All of these emotions keep individuals feeling isolated and disconnected from one another, and over time, even leads to feeling depressed. At the same time, it also keeps us from utilizing the moments together to not only release some of the buildup, but to also engage in meaningful ways and truly connect with one another.


“As we enter into the holiday season and begin to engage with our kith and kin – whether it’s by setting up decorations, cooking a turkey or traveling to have a meal with distant relatives – take a few moments to truly connect in vulnerable ways with one another,” he said. “These vulnerable connections are best described as ‘I-statements,’ in which the sharer simply makes a statement about something they think or feel with no expectation for reciprocity by the listener and without making concessions/excuses or blaming others for how you think or feel. Since you are the one reading this, you can’t wait for others to begin the process—it requires you to take the lead in establishing the connections with others by sharing first.” 


With an intimate partner, share how you may have felt alone this year at work and distracted at home; how you may have taken your marriage for granted or forgotten to say thank you for how much your partner does for you and the family; or how blessed you are in your partner’s willingness to put up with you!
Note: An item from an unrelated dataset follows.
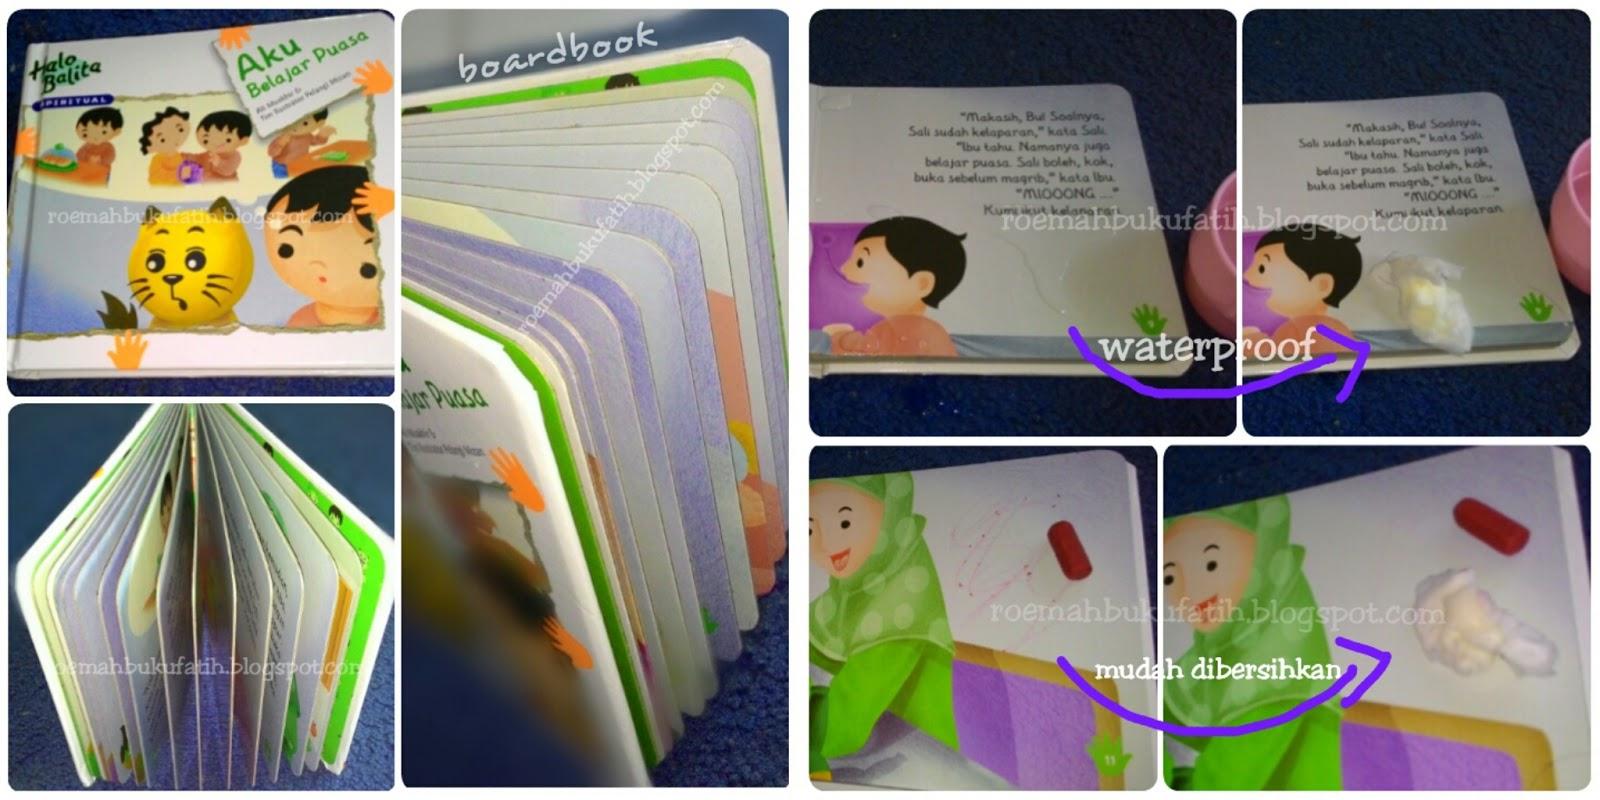 Daftar Harga 100 Fabel Pilihan Ebook Anak Termurah 2018 0482741 Gaia Color 050 Clear White 15ml 33050 Roemah Buku Fatih Sehingga Ini Pun Dibuat Full Colour Dengan Gambar

With your children, tell them it’s ok to express themselves and how much you appreciate them opening up to you, or how proud you are of them – for their character (such as their giving/caring nature) or simply for being such a cool person (rather than for ‘doing’ something).


Tell an elderly family member how much you value their wisdom, leadership and nurturance for the family or how they are a model for you for how to live well.
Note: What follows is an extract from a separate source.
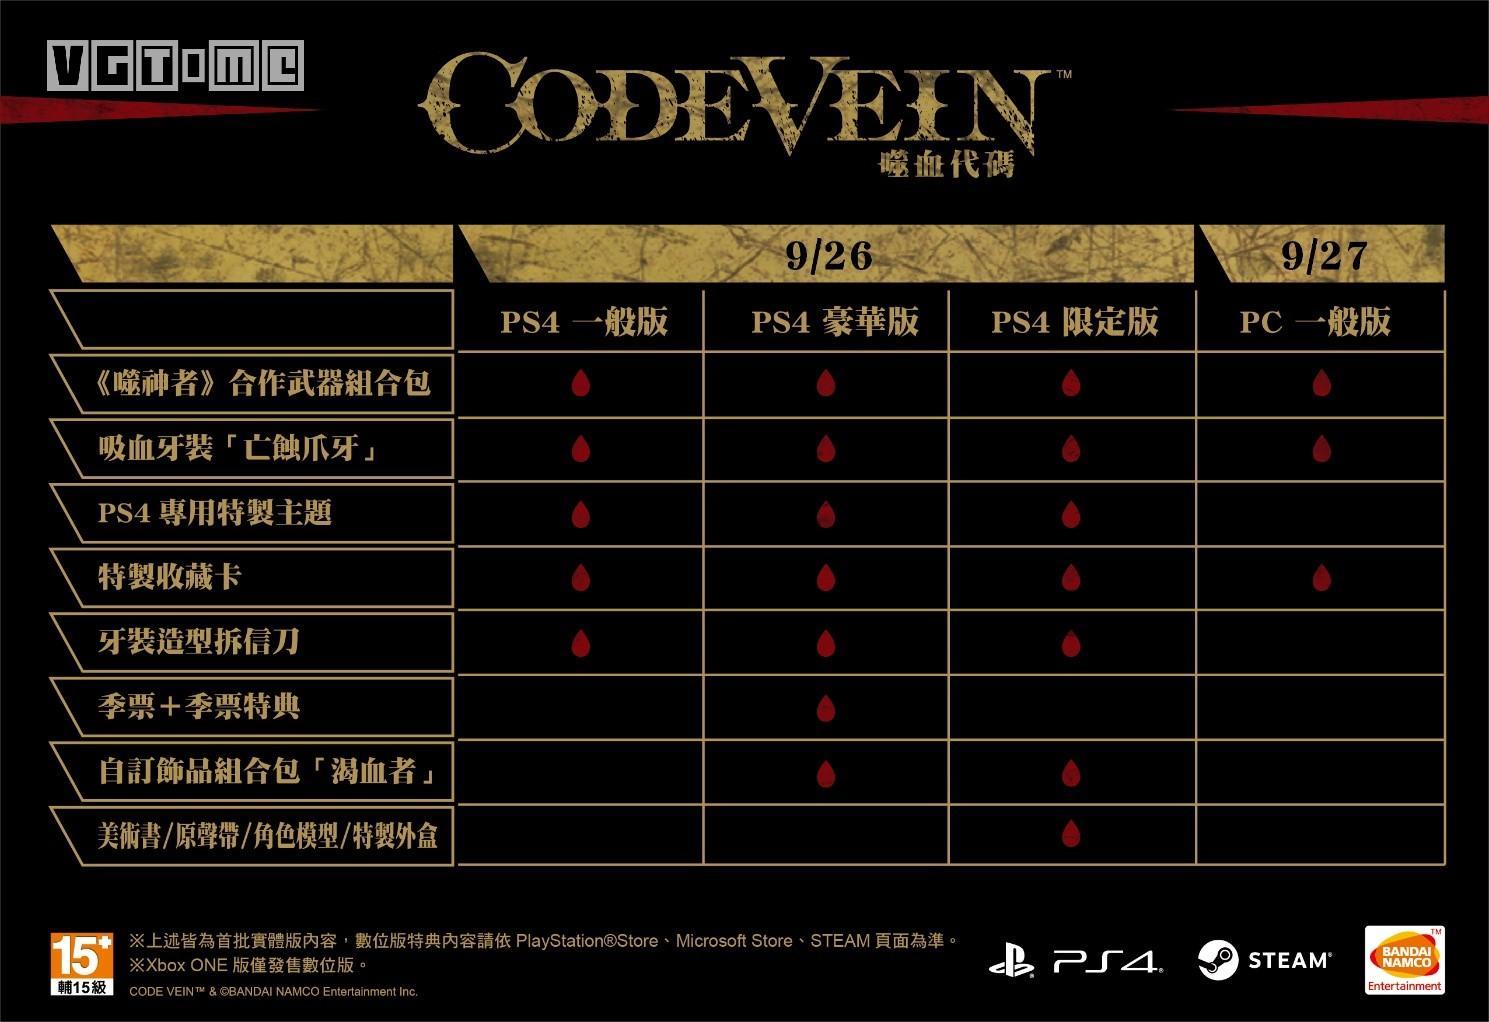 《噬血代码》中文版将与其他版本同步推出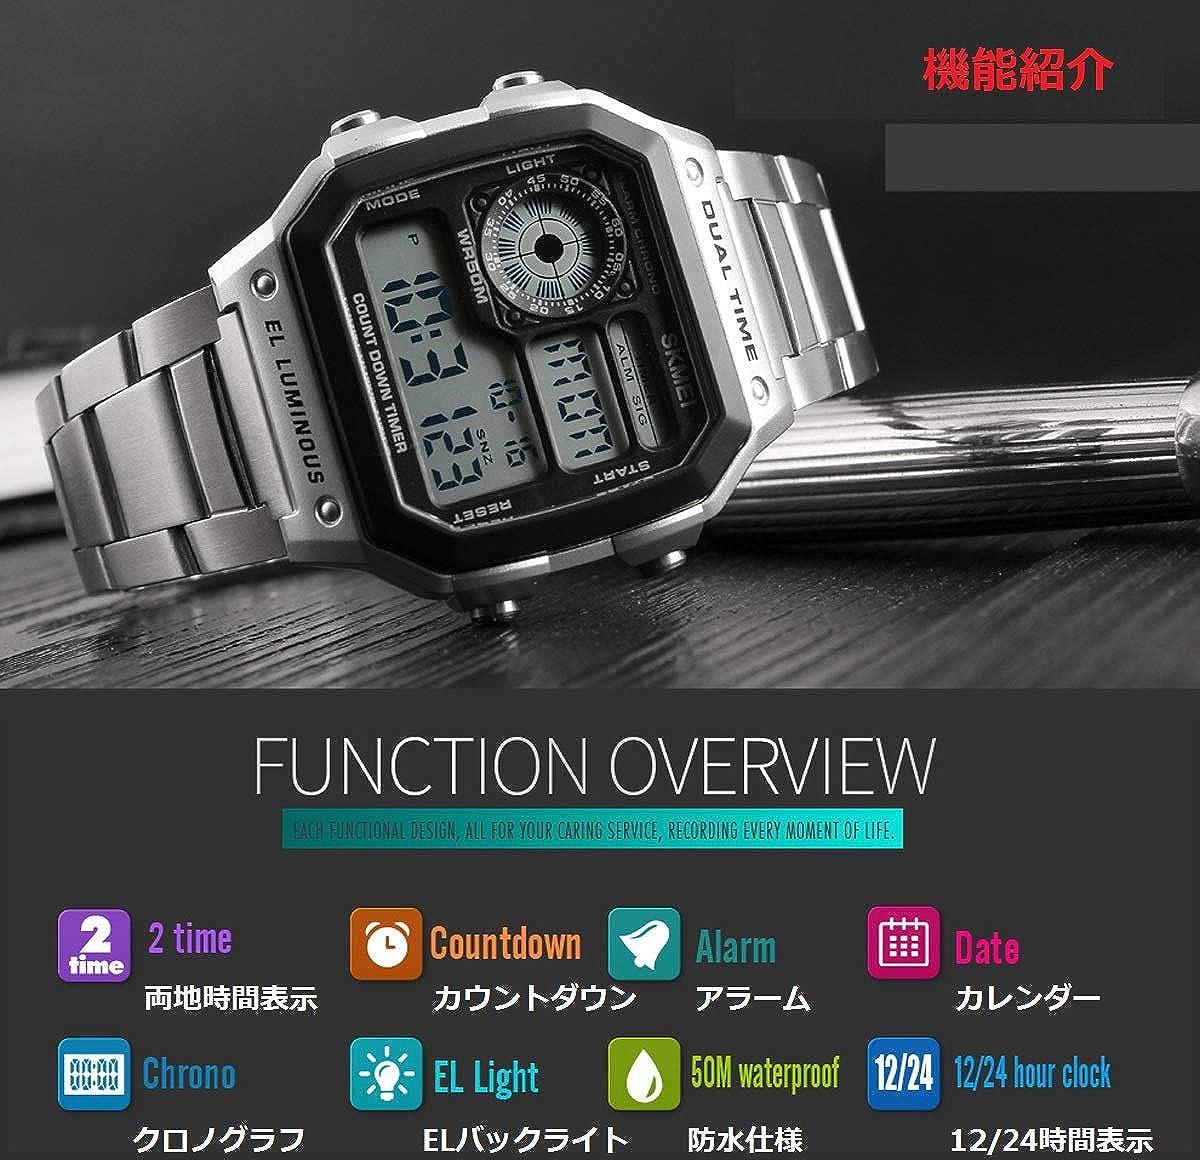 83619cd388 Amazon | 腕時計 ブランド メンズ メタルバンド 両地時間帯 デジタルウォッチ クロノグラフ 夜光 アラーム 防水 目ざまし時計 時報機能  人気 | メンズ腕時計 | 腕時計 ...

“For my own parents, I’d consider them to still be ‘new’ to the state (they’ve been here for about 6 years now), but they make instant friends everywhere they go. I believe this year, I will tell my parents that I truly admire them for the way they treat people and how much they give to others,” Brosi said. 


All of these statements are ‘openers’ to building deeper relationships and are the building blocks for conversations that heal the soul and aim to alleviate the stress that we feel when we are alone. It helps us feel connected with one another, helps to validate and normalize some of the stress we carry and just might help someone open up a bit more to address ways the isolation has affected daily life and mental health issues exacerbated by the pandemic.